■ **WORK REQUEST**
Only the pictures are dropped. Restate each line below word for word.

── INPUT DATA

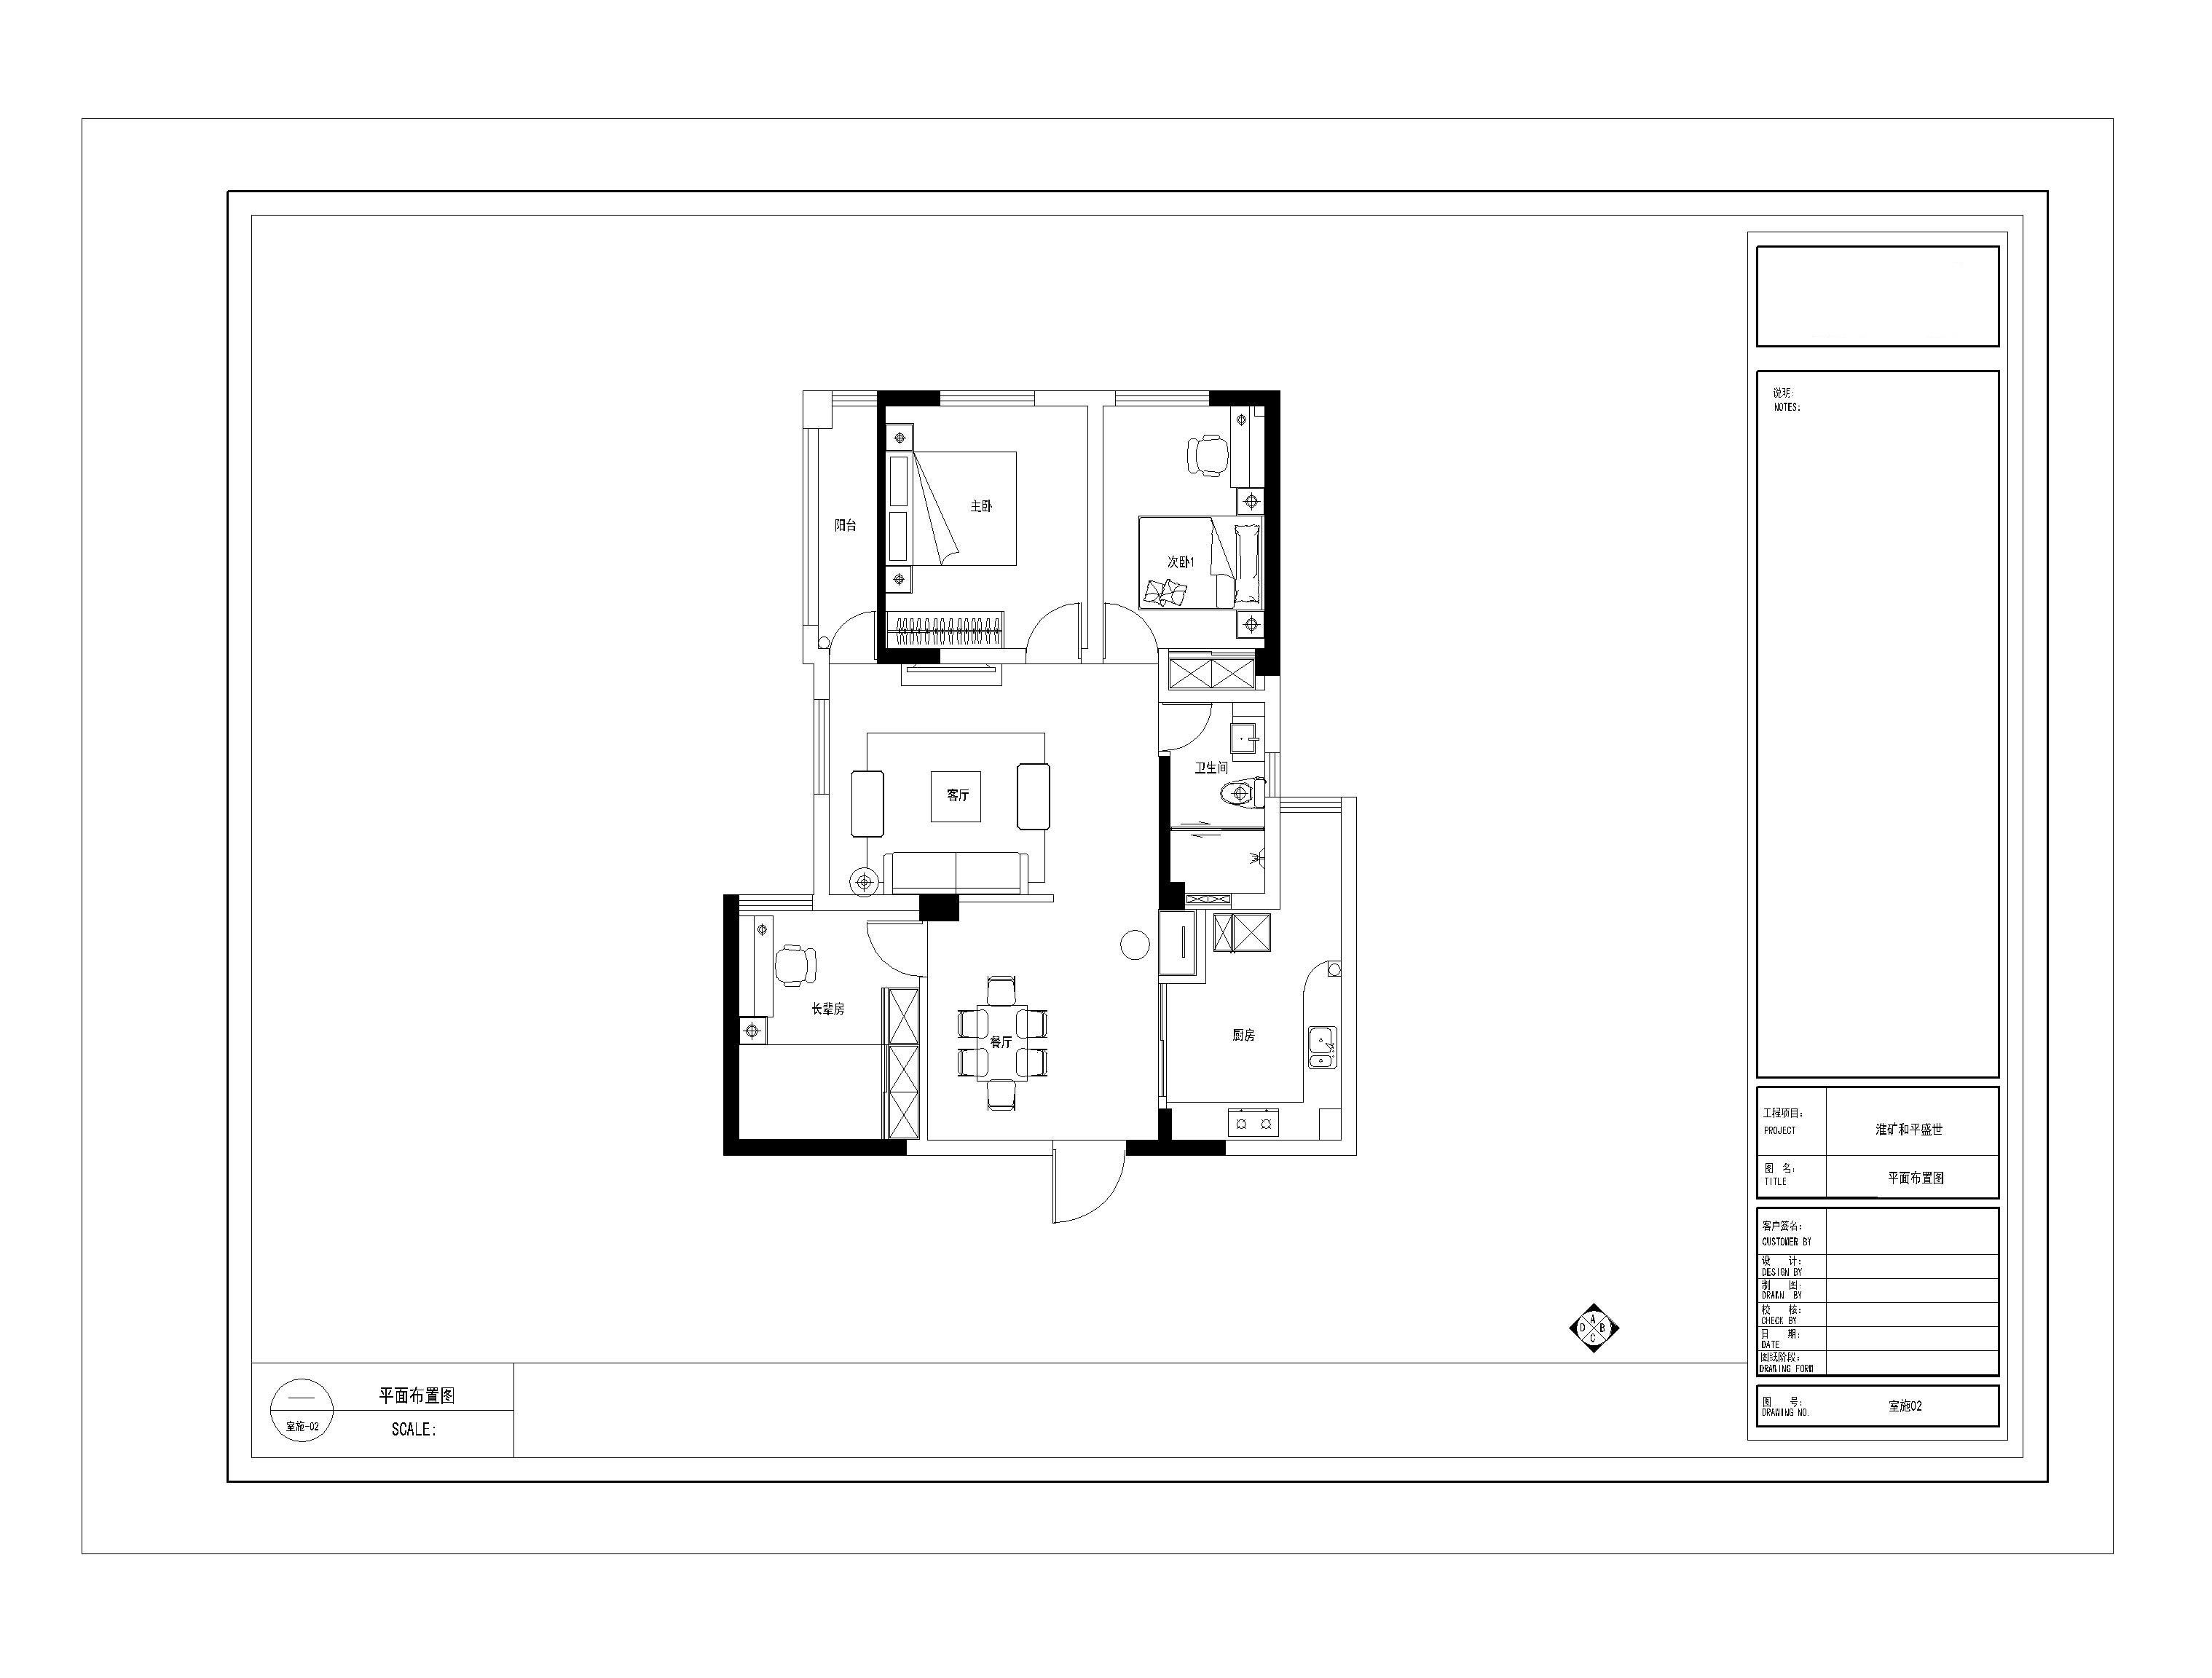 欧式 简欧风格 三居 和平盛世 户型图图片来自合肥川豪装饰装修在和平盛世118平米现代简欧风格的分享
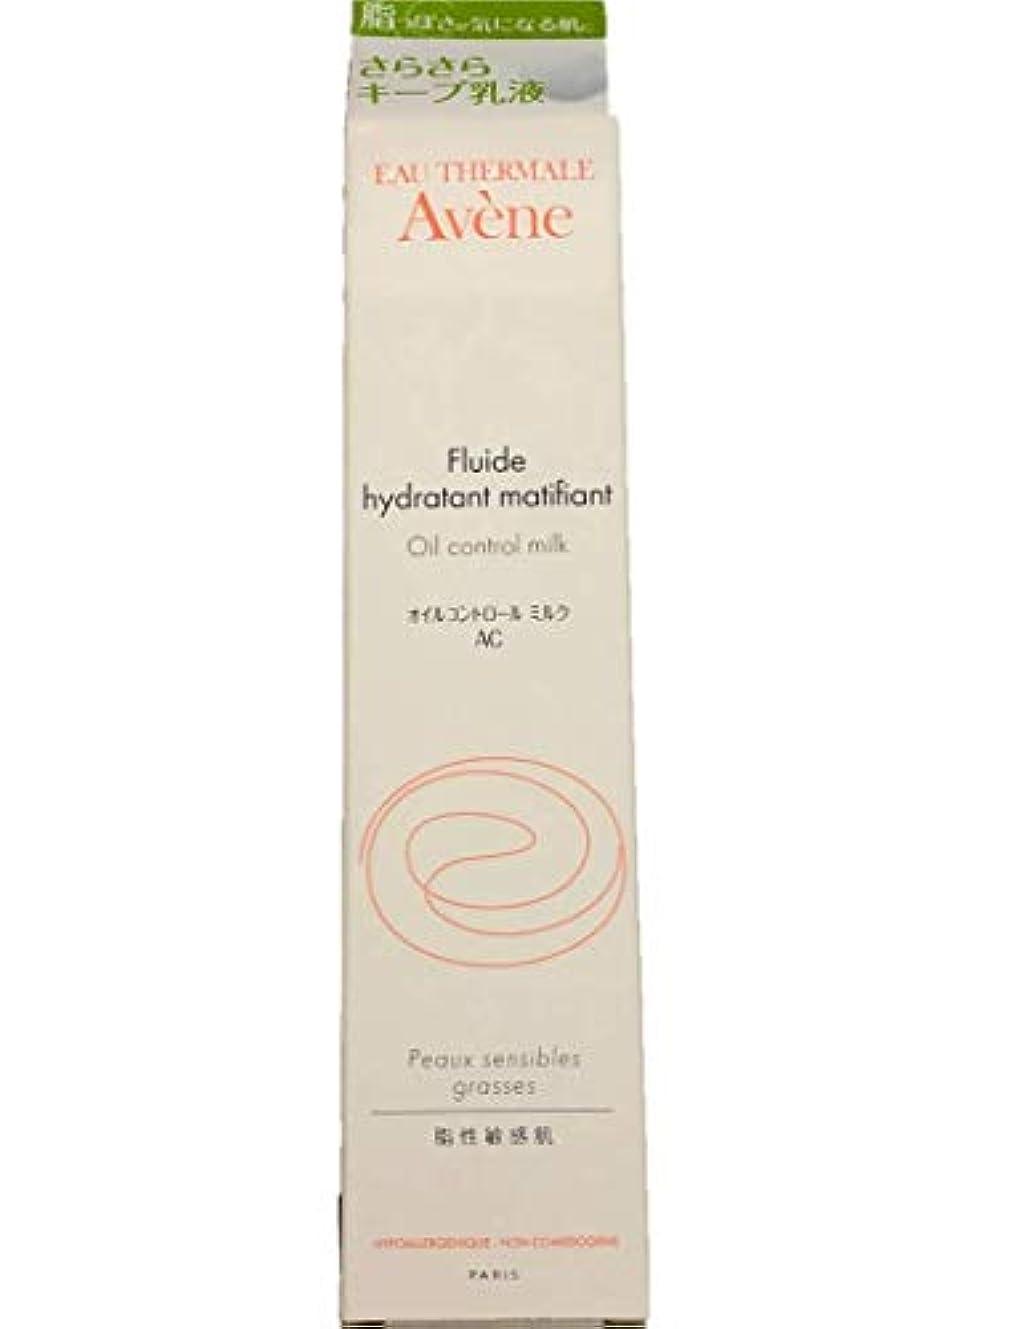 歌後ろにブランチアベンヌ Avene オイルコントロール ミルク AC 50mL (アヴェンヌ)【国内正規品】
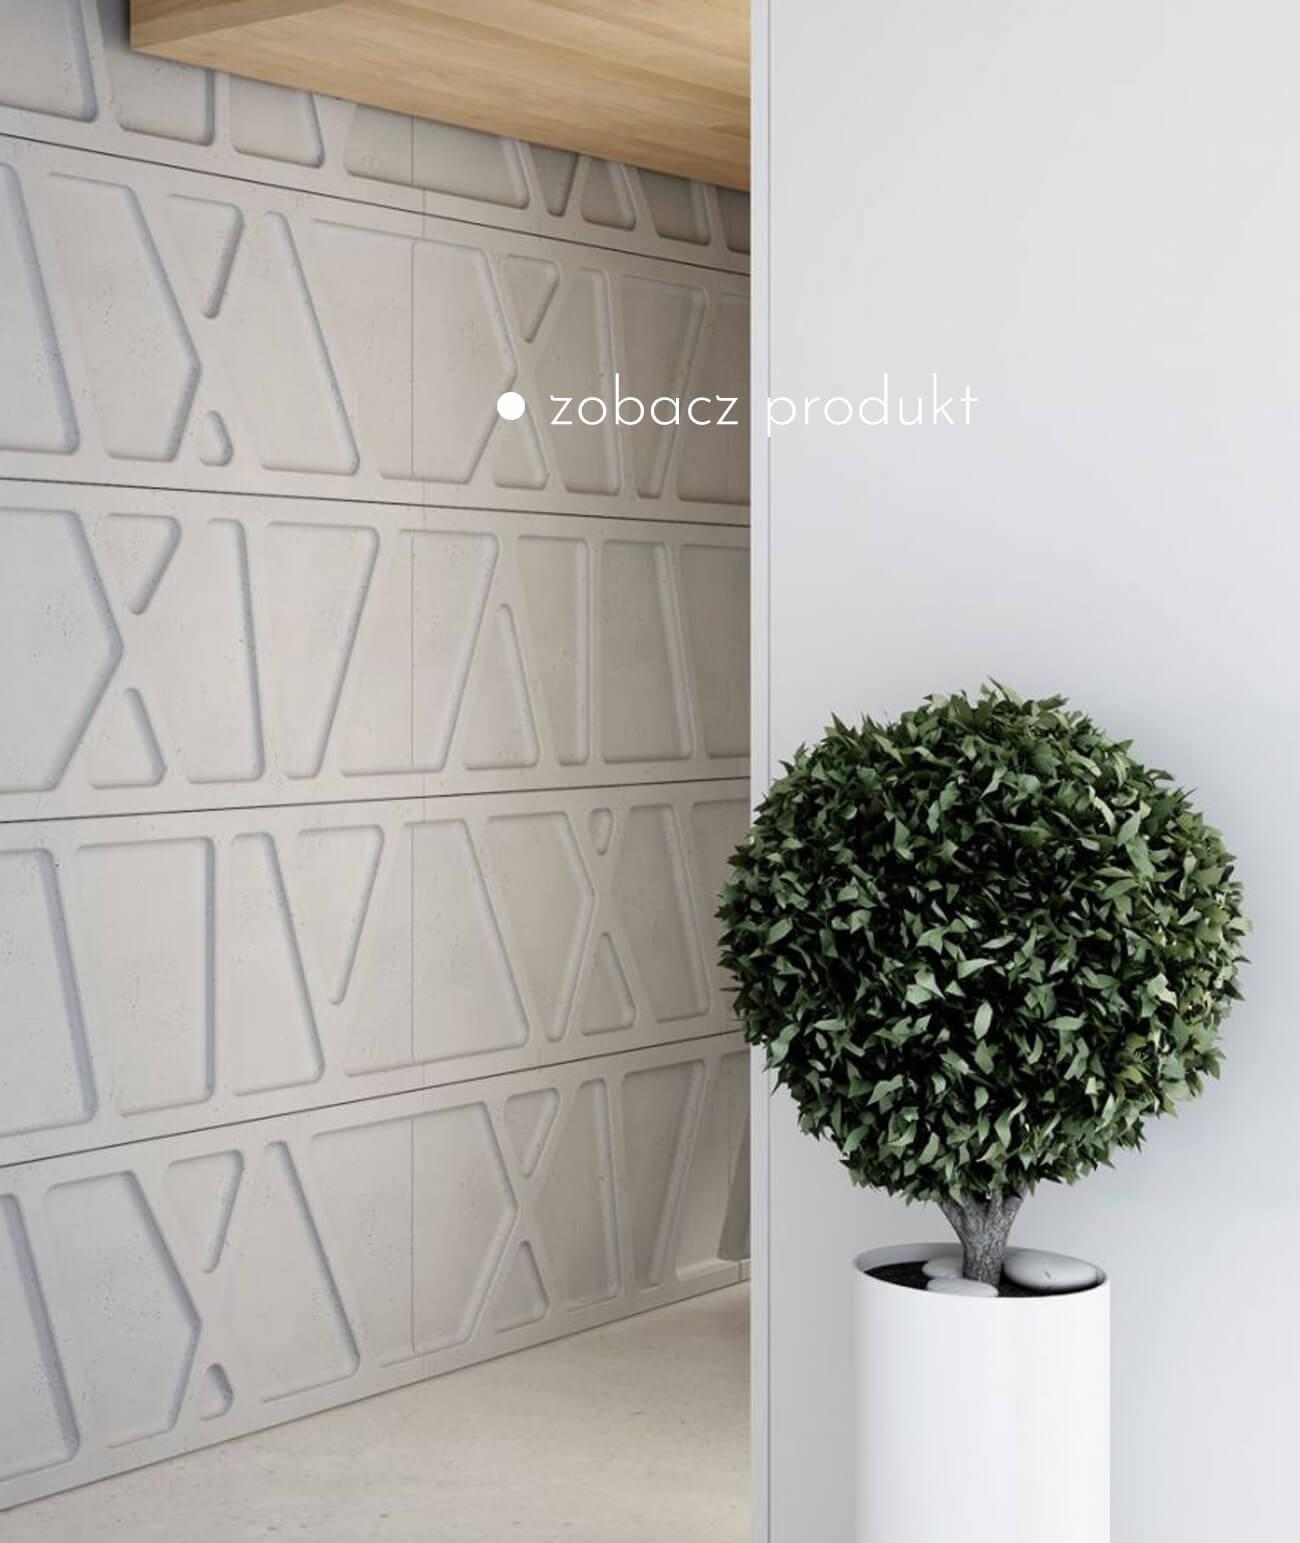 panele-betonowe-3d-scienne-i-elewacyjne-beton-architektoniczny_846-19537-pb24-b1-siwo-bialy-modul-w--panel-dekor-3d-beton-architektoniczny-panel-scienny

────

■ **EXPECTED OUTPUT**
 欧式 简欧风格 三居 和平盛世 户型图图片来自合肥川豪装饰装修在和平盛世118平米现代简欧风格的分享
 歌後ろにブランチアベンヌ Avene オイルコントロール ミルク AC 50mL (アヴェンヌ)【国内正規品】
 panele-betonowe-3d-scienne-i-elewacyjne-beton-architektoniczny_846-19537-pb24-b1-siwo-bialy-modul-w--panel-dekor-3d-beton-architektoniczny-panel-scienny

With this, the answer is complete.